Kamar bereitet ihre Hochzeit mit Zaid vor. Beide freuen sich auf die Verbindung, obwohl Zaid als Olivenbauer als Ehefrau eigentlich eine zupackende Hand für die Plantagen benötigt. Man sieht es nicht so gern, dass eine Frau tanzen geht, während ihr Mann auf dem Acker arbeitet und die Ernte einholt. Kamar erhält von Zaids Vater ein kleines Fußkettchen aus Gold als Geschenk. Zaid ist ein aufgeschlossener Mann, der seiner Frau das Tanzen erlaubt und sie sogar ermuntert, es weiterhin zu tun - selbst, als er nach einem Einmarsch des israelischen Militärs gefangen genommen wird und im Knast landet. Das junge Paar leidet unter der Trennung, die Besuche im Gefängnis sind seelisch für alle Beteiligten anstrengend. Anrührend ist eine Szene, als die junge Ehefrau ihren Mann hinter Gittern bittet, sie doch zu küssen, worauf er sich einlässt - doch der Zungenkuss mit Eisenstäben dazwischen ruft sogleich die Ordnungshüter in Gestalt der Gefängniswärter auf den Plan, die diese Intimität sofort untersagen. Kamar beginnt, mit dem neuen Tanzlehrer neue Bewegungsformen zu erproben, wovon sie lange geträumt hat. Besonders wichtig sind die Übungen, sich fallen zu lassen - eine Vertrauensübung, die ihr nicht leicht fällt. Schließlich gelingt es ihr. Man kommt sich näher, Kamar gefällt dem Tanzlehrer, der Beirut und seine Truppe verließ, weil es die einzige Art war, als Tanzlehrer wieder in die Heimat und sein Land zurück zu kehren. Er hat alles verloren; nun fürchtet er, er könne auch Kamar verlieren, die ihm gefällt und mit der er gut arbeiten kann. Sie gibt ihm Halt und Hoffnung; das will er sich nicht wieder nehmen lassen.

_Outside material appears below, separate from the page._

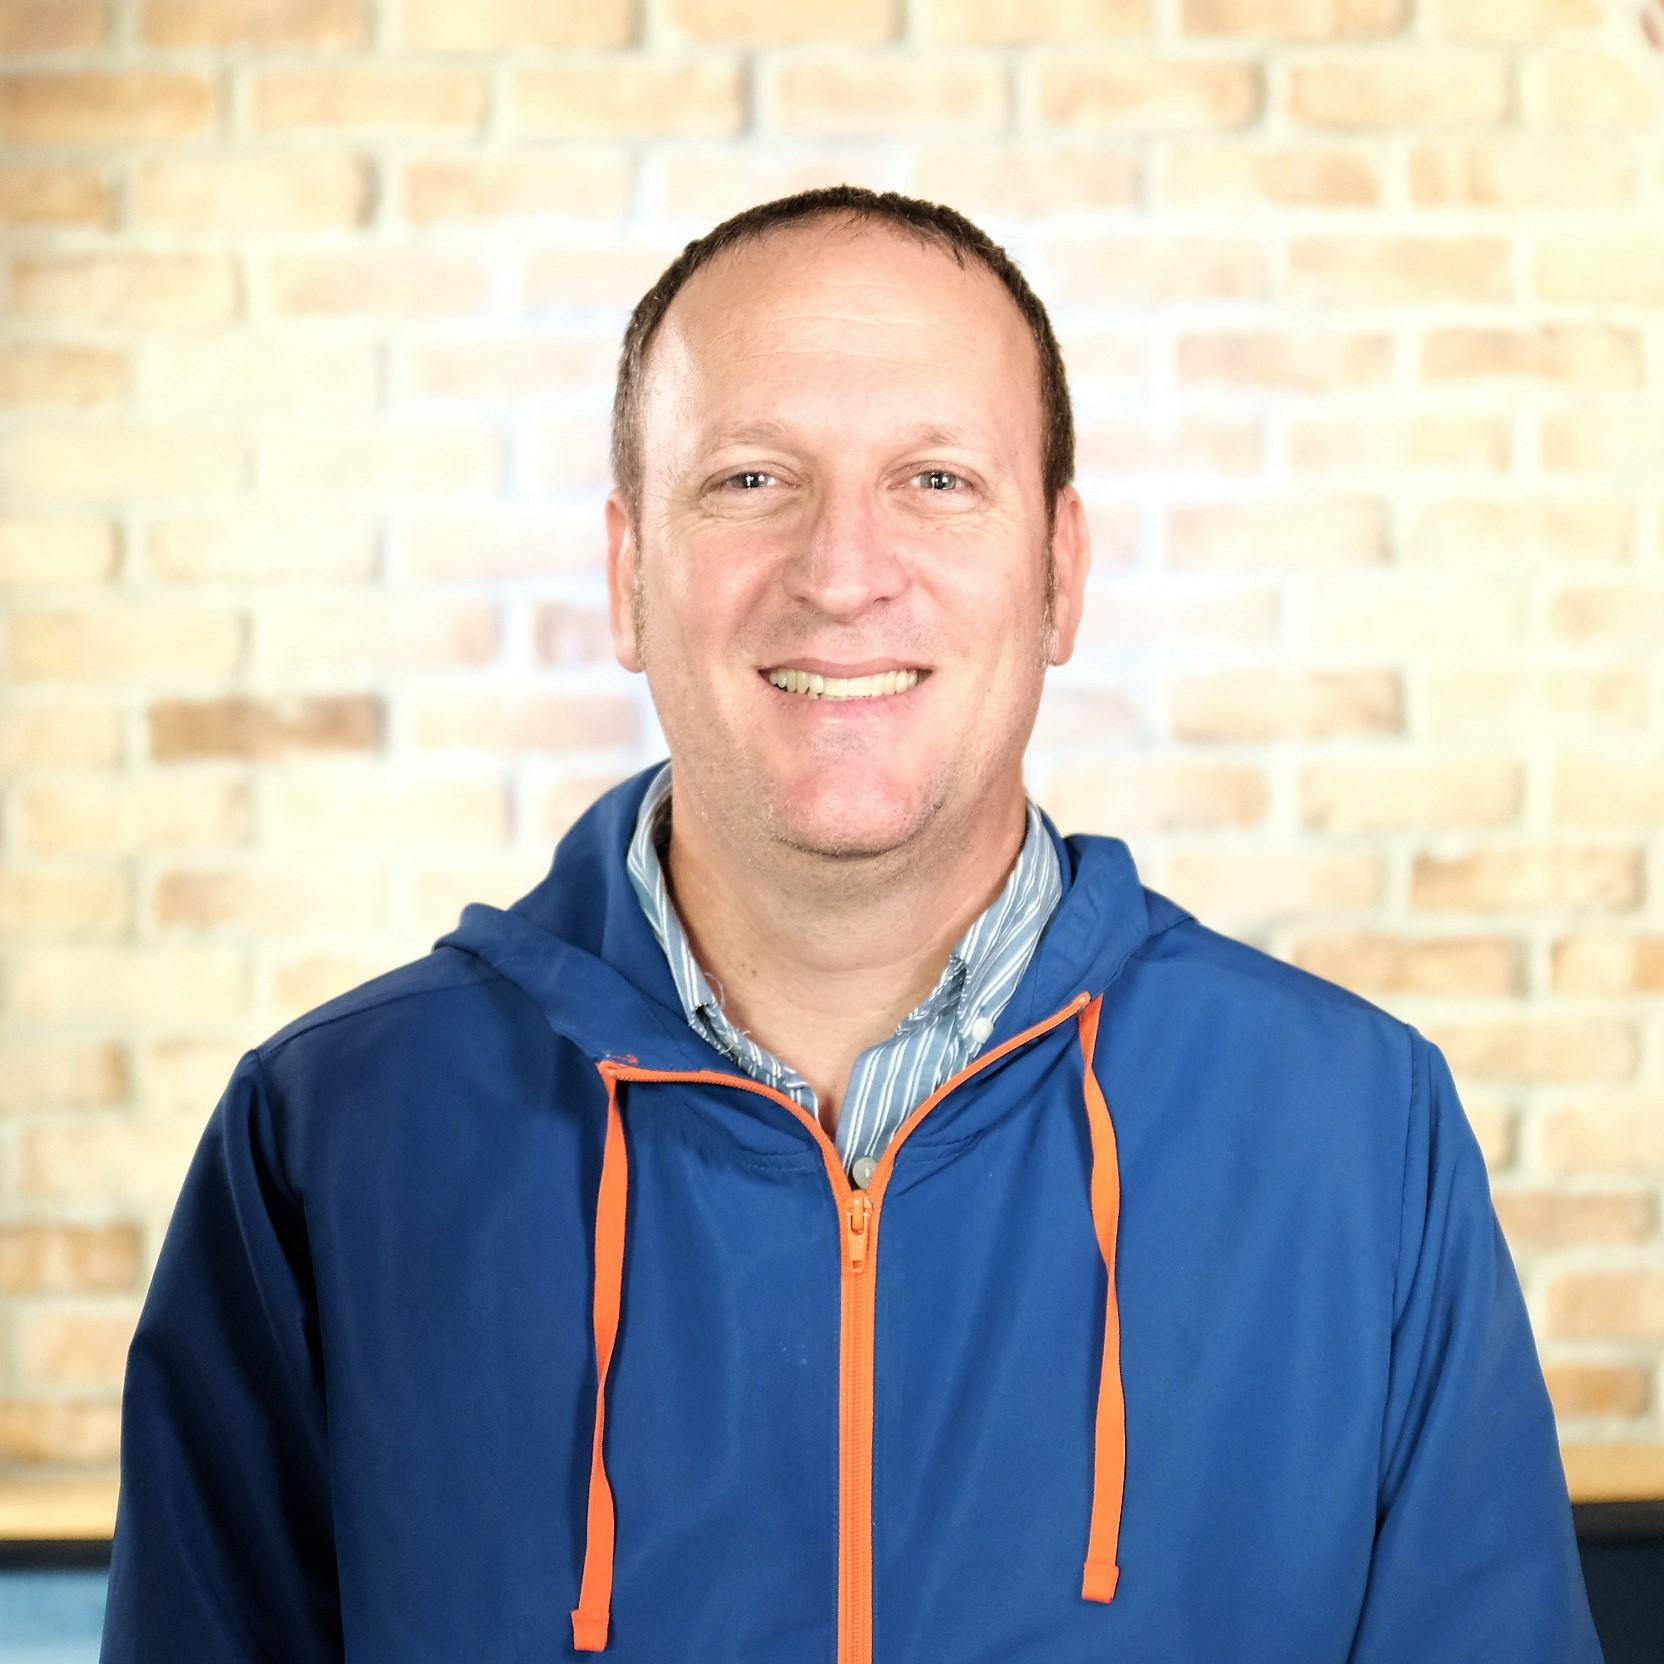 Steve Vance

Kamar freut sich sehr über die unerwartete Freilassung ihres Mannes und bleibt bei ihm, tanzt aber weiter.
"Pomegranates and Myrrh" zeigt den Nahostkonflikt in unspektakulärer Weise, ebenso wie den Mut der Bevölkerung am Beispiel einer Frau - einer älteren, aber immer noch äußerst attraktiven Kaffeehaus-Besitzerin -, sich den schwer bewaffneten Soldaten nur mit Worten entgegen zu stellen, sie aufzufordern, ihre Gewehre abzulegen, man wolle Frieden und endlich in Ruhe arbeiten können! Sie weist die israelischen Soldaten heftig zurecht: Hier, in Ramallah, würde man Arabisch sprechen, nicht Hebräisch. Das Finale bildet, nach der unerwarteten, rechtzeitigen Freilassung von Zaid aus dem Gefängnis, eine erste Tanzaufführung des Ensembles unter der Leitung des neuen Tanzlehrers auf einer provisorischen Freiluftbühne mit dem Titel: "Granatäpfel und Myrrhe". Zaid kommt gerade rechtzeitig, um seine Frau auf der Bühne zu sehen, nachdem er in der Olivenölmühle ihr verlorenes Fußglöckchen auf dem Boden gefunden hat - das ihm bestätigt, das sie sich während seiner Zeit im Gefängnis um die Olivenernte gekümmert hat. Ein vergleichsweise ruhiger Film, der ohne offene Gewalt und Blutvergießen auskommt und dem Konflikt zwischen Palästinensern und Israelis die kreative, künstlerische Kulturarbeit entgegensetzt.